# Septic Flies



## SCRich (Feb 27, 2008)

I went to another forum and asked but apparently no one there understands what a septic/sewer fly is. 

I have a section of my home which is actually a 2nd home, it beloned to my mother who passed away in Feb. That 1,500sqft section has it's own 2 baths, and kitchen and I am getting septic flies coming in. I run water in all the drains every 2 weeks but apparently that is not enough. 

I had one person tell me to use sponges in the main drain line to seran wrap on the drains...we do go there every so often to clean and that would not be practical. Another person told me to be careful since I have flies that I can get snakes and rats to come in! Come on..my septic tank is not wide open, these are just flies, has no one ever opened their own septic tank at all, it's natural! Is their any other way to prevent this? I know they are normal but with unused drains it becomes a big problem. 

Thanks!


----------



## Cabin Fever (May 10, 2002)

That's a new one on me. I'd suspect some kind of house flies are laying eggs in the bathroom traps, and after going thru the larvae stage are hatching into flies.

Flies - or any other respirating critter that require oxygen - cannot survive in the septic tank where the atmosphere and liquid contains no appreciable oxygen but plenty of hydrogen sulfide, methane and other toxic gases.


----------



## Ross (May 9, 2002)

I've worked on septic system before everything from pumping to installing them and I've never heard of such. Perhaps what Cabin says about the traps is right, or maybe they're cluster flies, coming out of the wood work and falling in the drains?


----------



## SCRich (Feb 27, 2008)

From the Internet
Insects
Mosquitoes and flies can be a problem if they enter and breed in a septic tank. Strangely, this is not often mentioned in literature on the subject. Mosquitoes and flies can enter through the plumbing vent of the house, go down through the 4-inch drain pipe and through the inlet tee to the tank. They can then breed in the tank and travel via the same route, reversed, to the outside world. You can cover the top of the vent with a capper of stainless steel screen. Another place for mosquito entry can be tanks with wood or fiberglass risers; here the manhole covers can be sealed with roof patch or a plastic sheet over the lids, then covered with a few shovelfuls of sand.

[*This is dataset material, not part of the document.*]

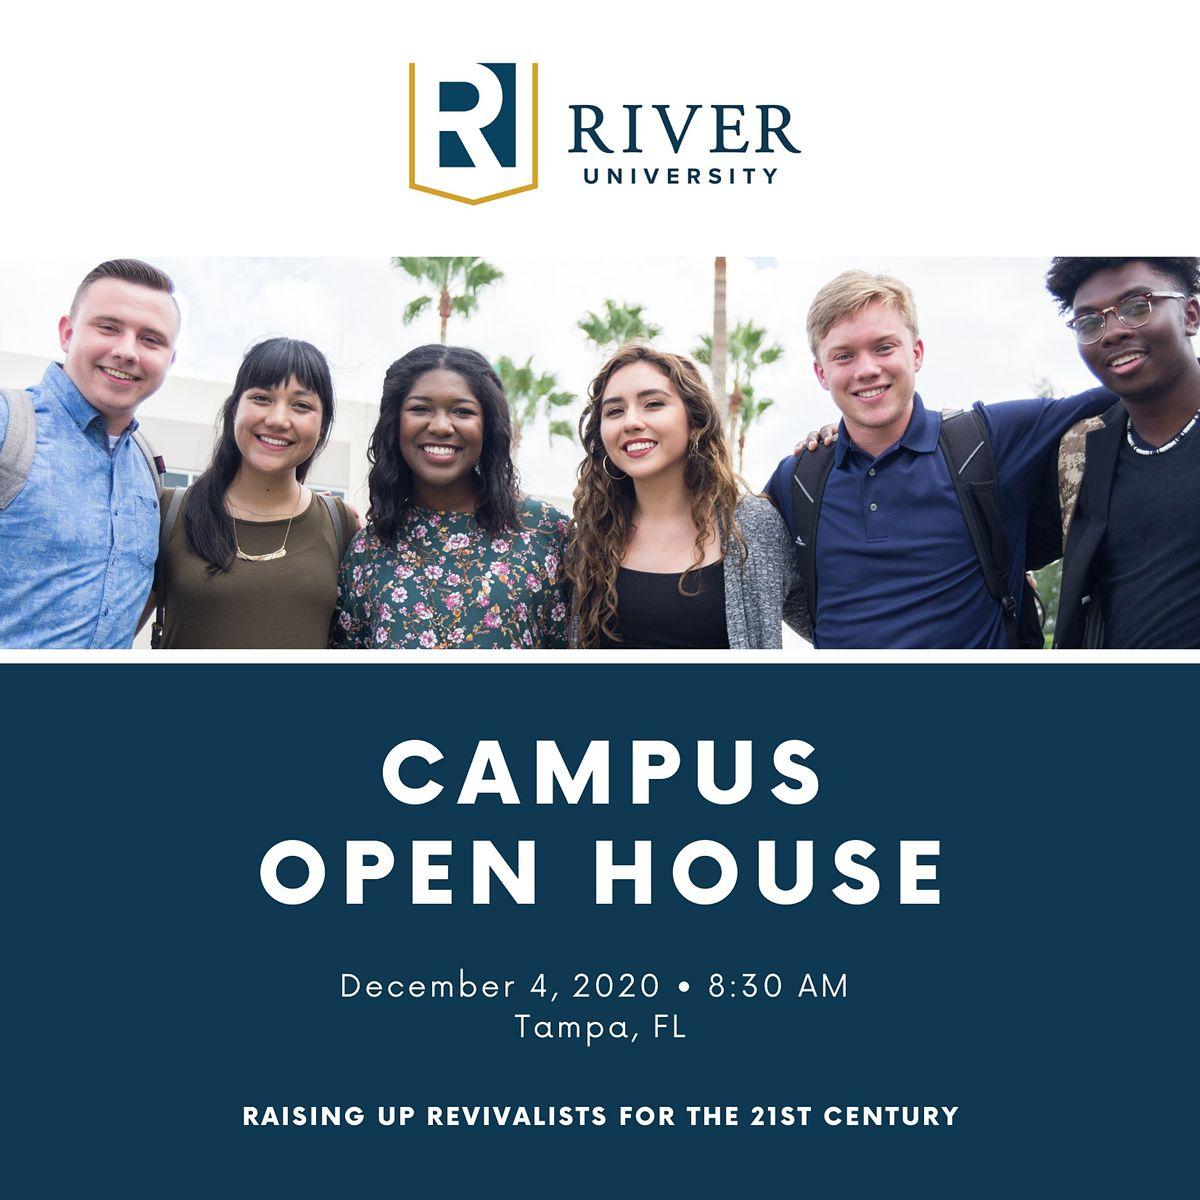 River University Open House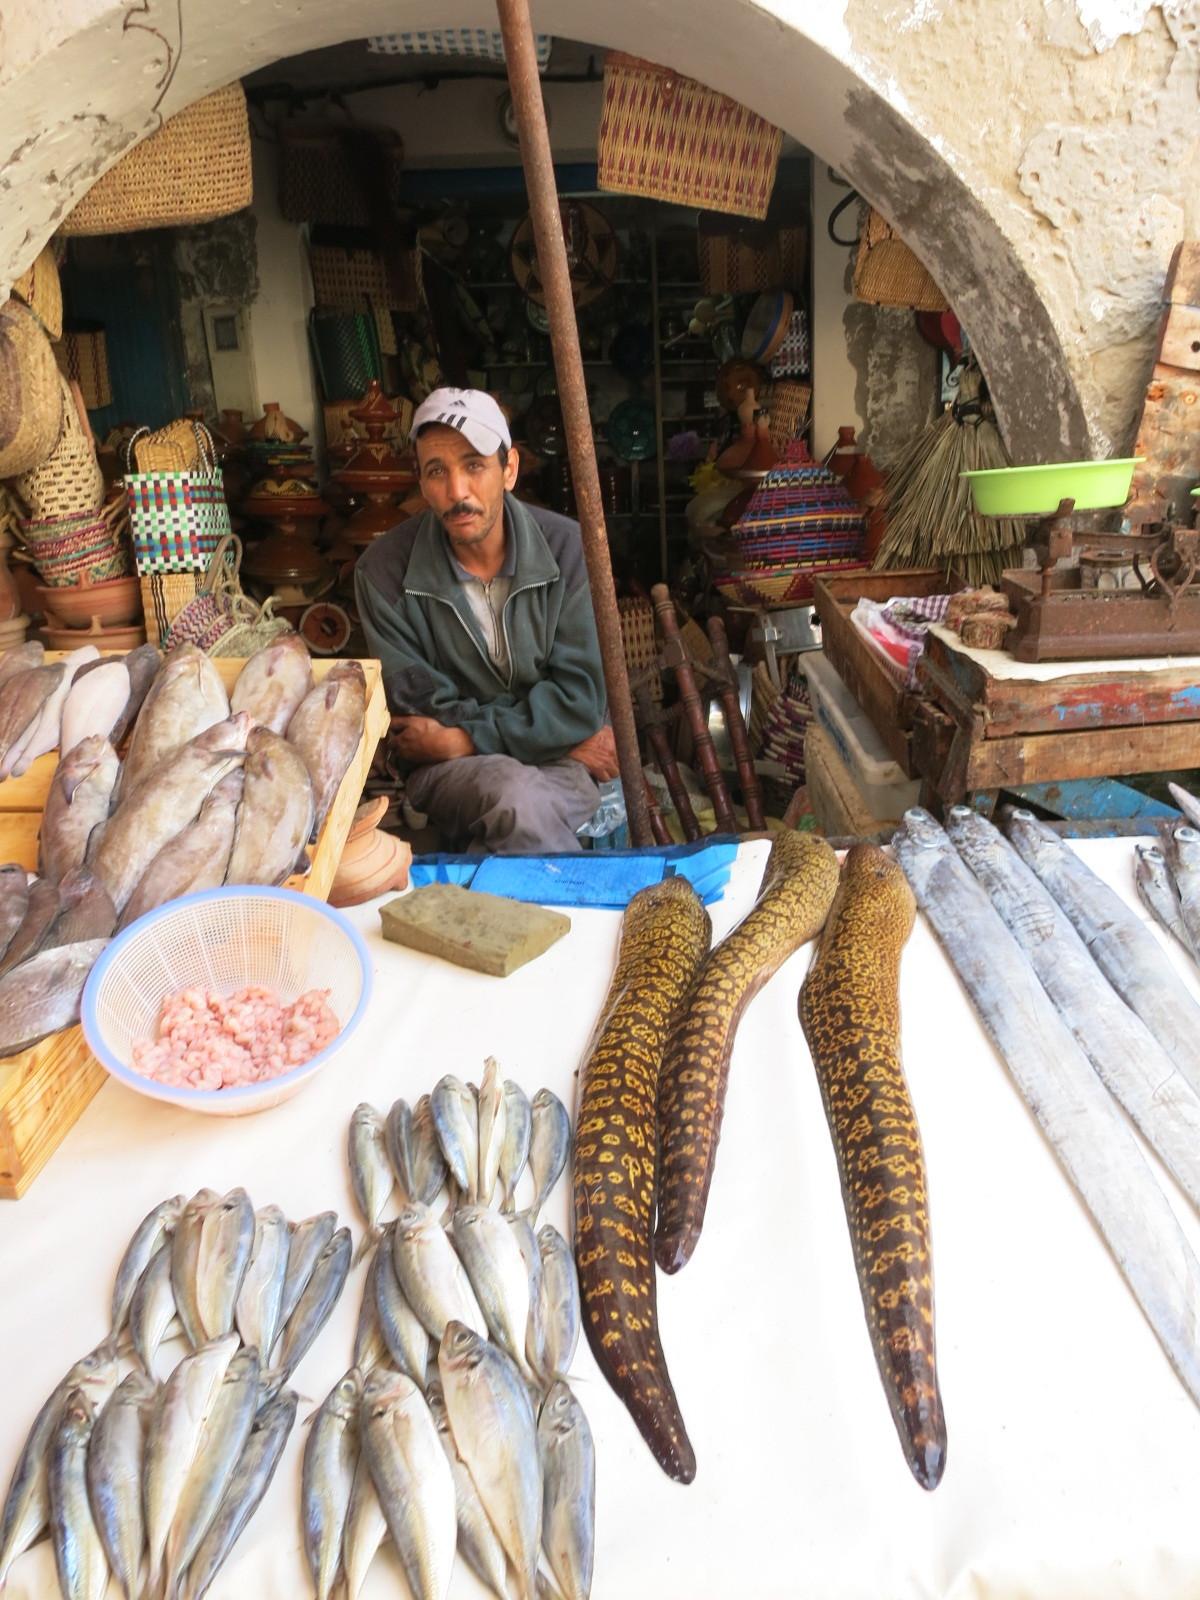 Market, Essaouira.

http://www.shelterpub.com/_shelter/ssom-maintenance.html

I had to have the tank pumped once and I had a paper plug at the inlet of the tank another time, unknowingly I thought it was a bacteria failure and that the solids tank had filled up so I called in a pumping company. Both times I was there and helped locating the tank and digging up the access lid. Each time I have seen it open there are hundreds of these small flies which are called Phorid flies. I have seen them before, you will often see them near rotting vegtables and I am sorry to say that I have seen them with dead bodies, I was a police officer and EMT for many years and have had the expirience of seeing 2 decomposing bodies in my time.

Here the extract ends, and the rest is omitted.